Supreme Court Rejects How Texas Evaluates Mental Disability in Death-Row Inmates

WASHINGTON (The Dallas Morning News/TNS) —

Supreme Court, Texas, mental disability, death-row, death-row inmates, Constitution, cruel and unusual punishment, cruel and unusual

The Supreme Court ruled on Tuesday that Texas’ method for evaluating mental disability in death-row inmates was a violation of the Constitution’s prohibition of “cruel and unusual punishment.”

The court ordered Texas to use modern medical standards, rather than the criteria the state currently use, which are based on medical standards from 1992, to determine whether death row inmates are fit to be executed.

The inmate in question — Bobby Moore, who has been on death row for more than 36 years — will have his case sent back to Texas’ highest criminal court for reevaluation.

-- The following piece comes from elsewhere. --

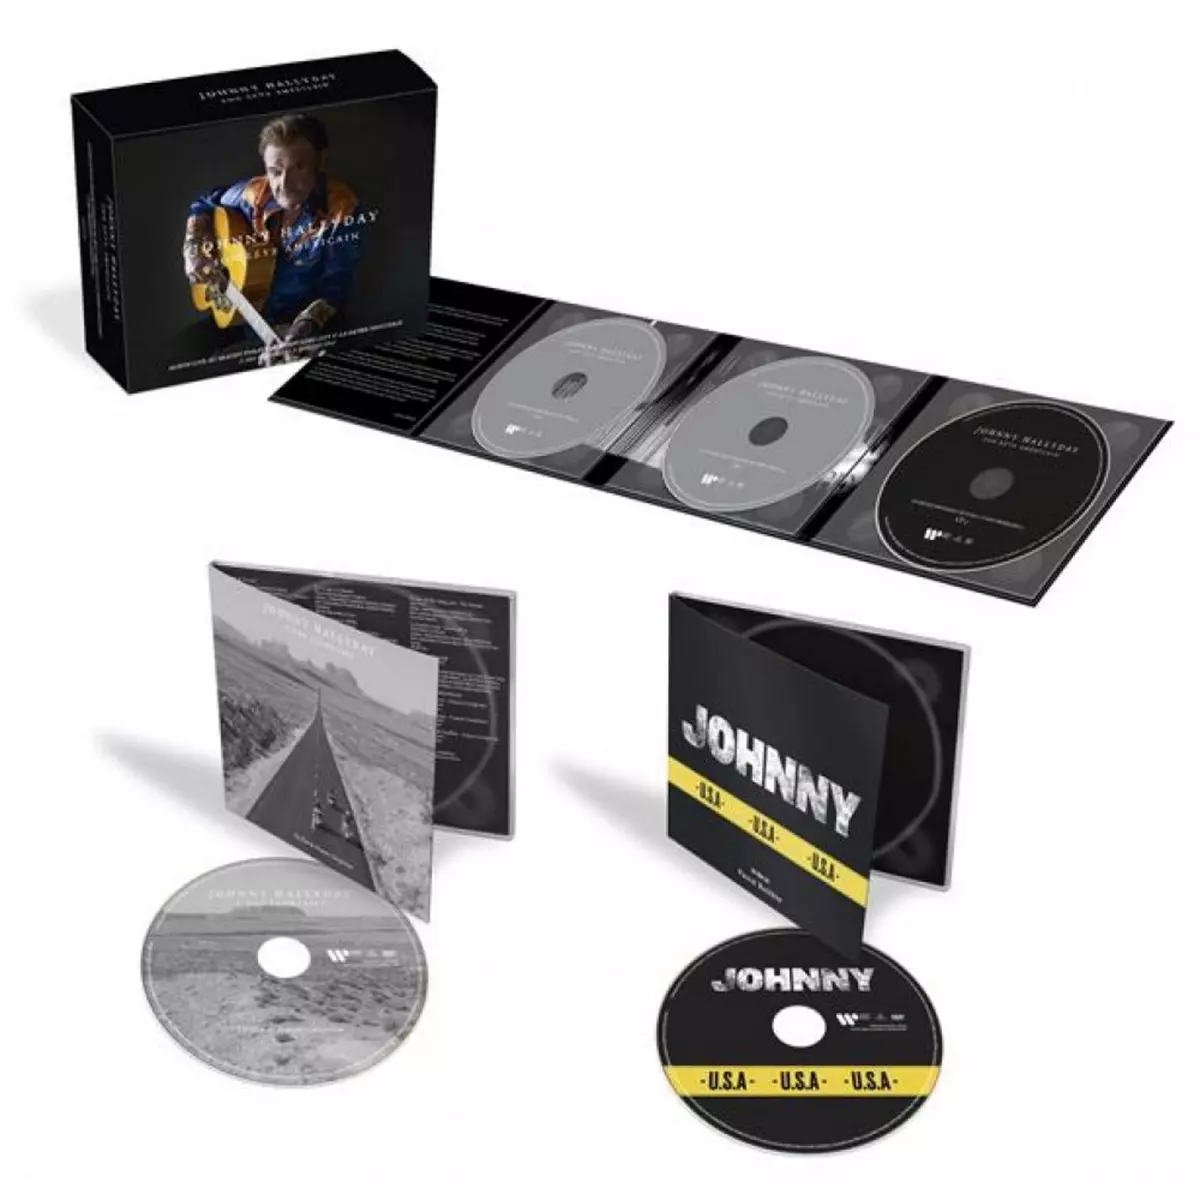 Warner Son rêve américain - Johnny Hallyday Coffret Edition limitée 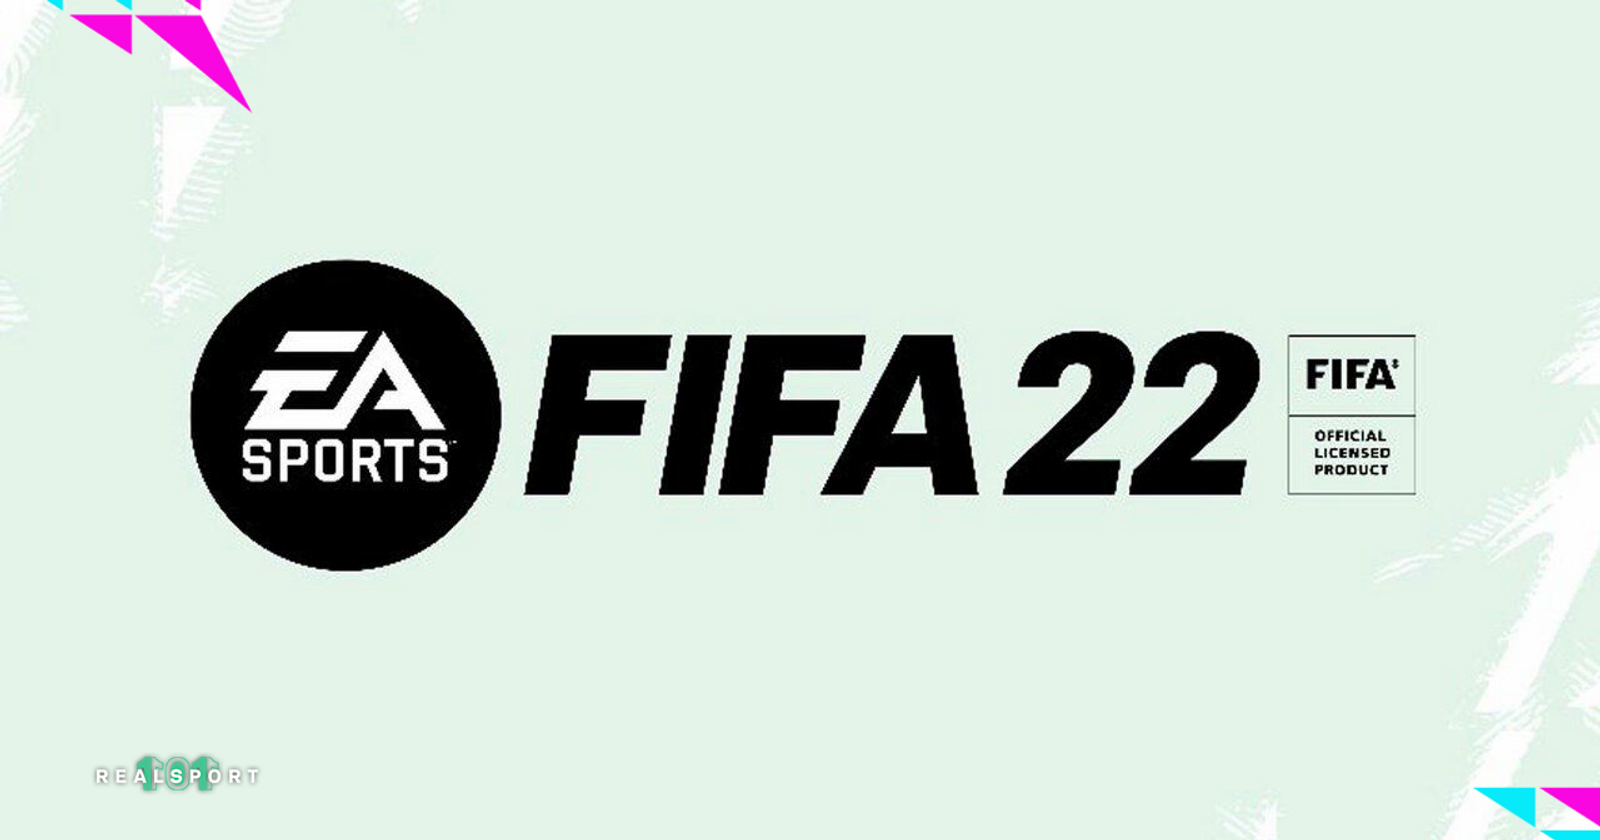 FIFA 22 FUT Web App and FUT Companion App release date confirmed

A trial judge once declared Moore intellectually disabled, noting, among other evidence, that Moore still had trouble understanding the days of the week and the seasons of the year.

The justices voted 5-3 to reject Texas’ method for evaluating mental disability, with Chief Justice John Roberts and Justices Clarence Thomas and Samuel Alito dissenting.

Justice Ruth Bader Ginsburg, who wrote the court’s opinion, rejected Texas’ current approach in no uncertain terms. For years, Texas has used a test called the Briseño standard to evaluate mental disability. The test involves a 1992 definition of disability used by the American Association on Mental Retardation as well as a number of subjective factors devised by a former judge.

Because the former judge, Cathy Cochran, quoted a John Steinbeck novel in her original ruling, citing the character Lennie Small as an example of someone who should be exempt from the death penalty, some critics refer to the method she devised as “the Lennie standard.”

The Texas court “advanced lay perceptions of intellectual disability,” Ginsburg wrote. “Those stereotypes, much more than medical and clinical appraisals, spark skepticism.”

The case began in 1980, when Moore, who was 20, was involved in a grocery store robbery in Houston. Moore shot and killed James McCarble, the 73-year-old clerk behind the counter.

Two months later, he was sentenced to death. But lawyers for Moore, who was still illiterate at the age of 14, argued that he was severely intellectually disabled, and made Moore’s intellectual disability a major part of their appeal strategy.

In 2002, the Supreme Court banned the execution of individuals with intellectual disabilities, noting that it was a violation of the Constitution’s ban on cruel and unusual punishment. The court gave broad leeway to the states to determine who qualified as intellectually disabled.

In the court’s ruling on Tuesday, Ginsburg wrote that court hadn’t licensed “disregard of current medical standards.” Disregarding modern medical criteria, she said, is what Texas was trying to do.